Genetic polymorphism in HPC2/ELAC2 was recently associated with risk of sporadic prostate cancer. To determine the contribution of two HPC2/ELAC2 missense variants (Ser217Leu and Ala541Thr) to the risk of developing prostate cancer, we conducted a population-based case-control study of middle-aged men (40-64 years). Cases (n=591) were ascertained from the Seattle-Puget Sound Surveillance, Epidemiology, and End Results Cancer Registry and Controls (n=538) from the same general population were identified through random-digit dialing. Subjects were residents of King County, Washington, and were frequency matched on age. Cases (32%) had a slightly higher frequency of the Leu217 variant compared with controls (29%), but there were no differences in the frequency of the Thr541 allele (4%). When considering joint genotypes, white men homozygous for the Leu217 variant on an Ala541/Ala541 background had an increased risk of prostate cancer [odds ratio (OR)=1.84; 95% confidence interval (CI), 1.11-3.06]. Different risk profiles were also observed when cases were stratified by disease aggressiveness.

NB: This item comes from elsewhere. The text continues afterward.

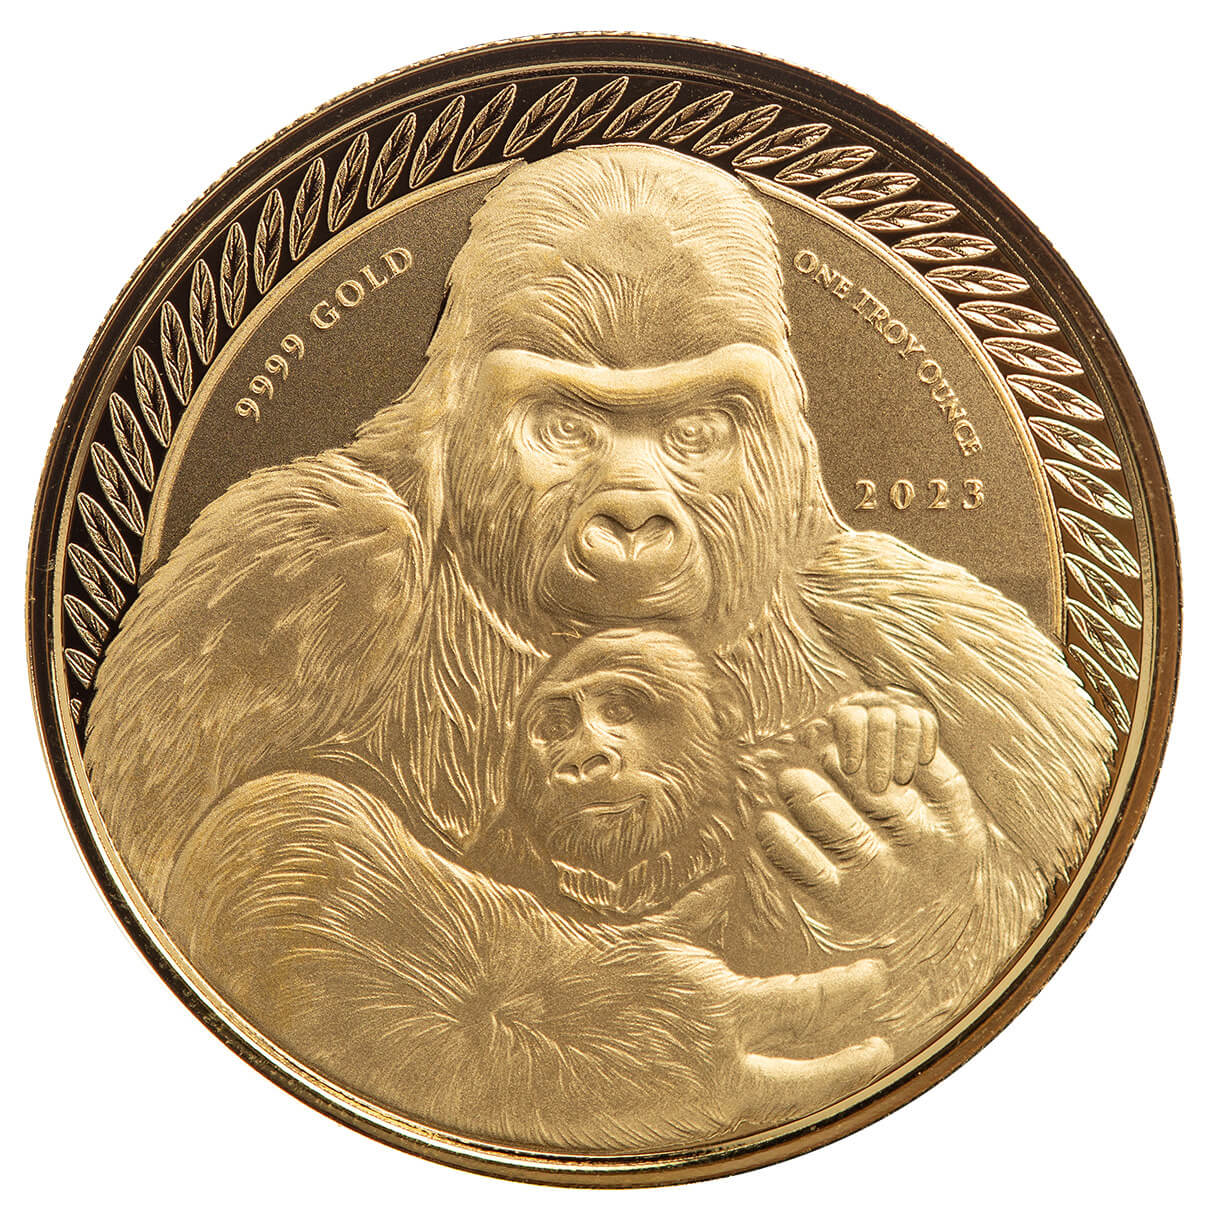 2023 Congo Silverback Gorilla 1 oz Proof Gold Coin
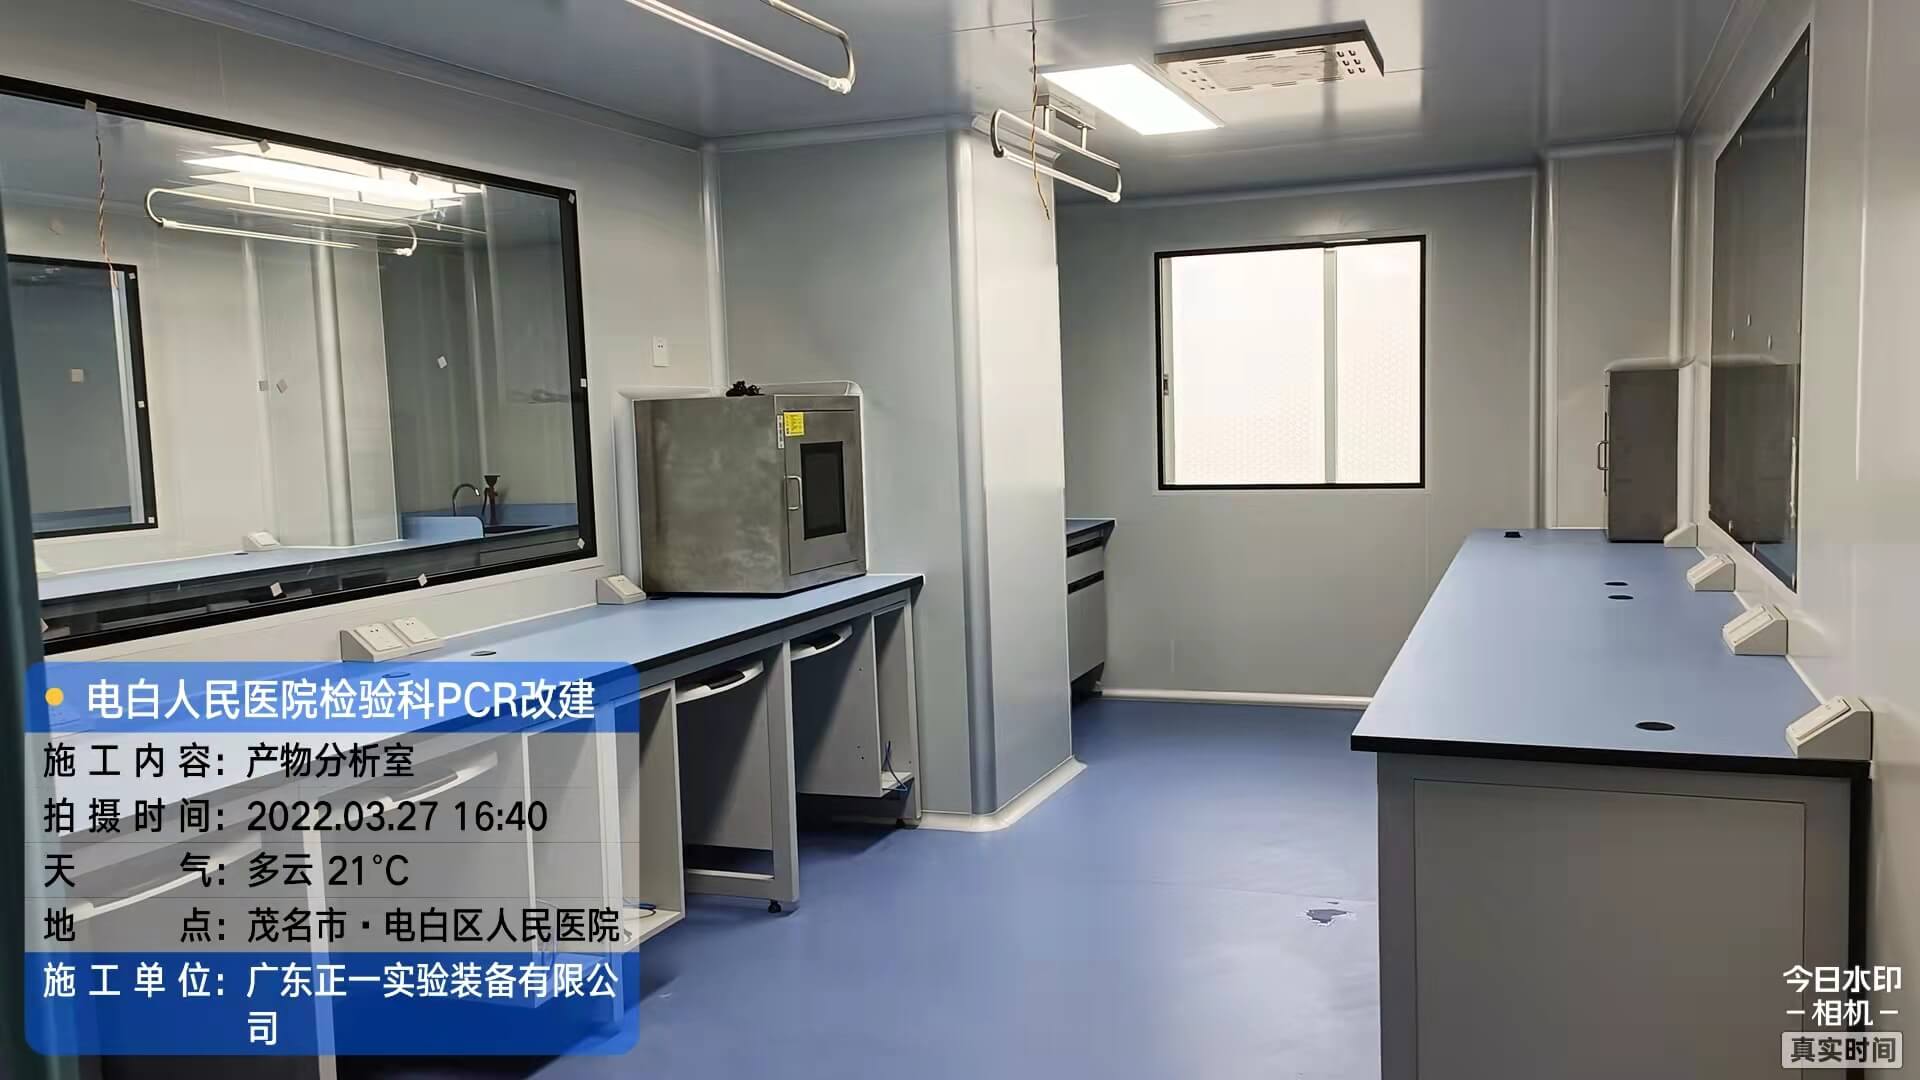 茂名市电白区人民医院外科综合楼12、13层改建检验科及PCR实验室工程 (30)

Men with at least one Leu217 allele had an elevated risk (OR=1.34; 95% CI, 1.02-1.76) of less aggressive prostate cancer (localized stage and Gleason score < or = 7), with a stronger association among men with two Leu217 alleles (OR=1.73; 95% CI, 1.08-2.77). The Ala541Thr polymorphism was not associated with risk, and neither variant was associated with more aggressive prostate cancer phenotypes. We estimate that the Ser217Leu genotype may account for approximately 14% of less aggressive prostate cancer cases and 9% of all sporadic cases in the general United States population of white men <age 65 years.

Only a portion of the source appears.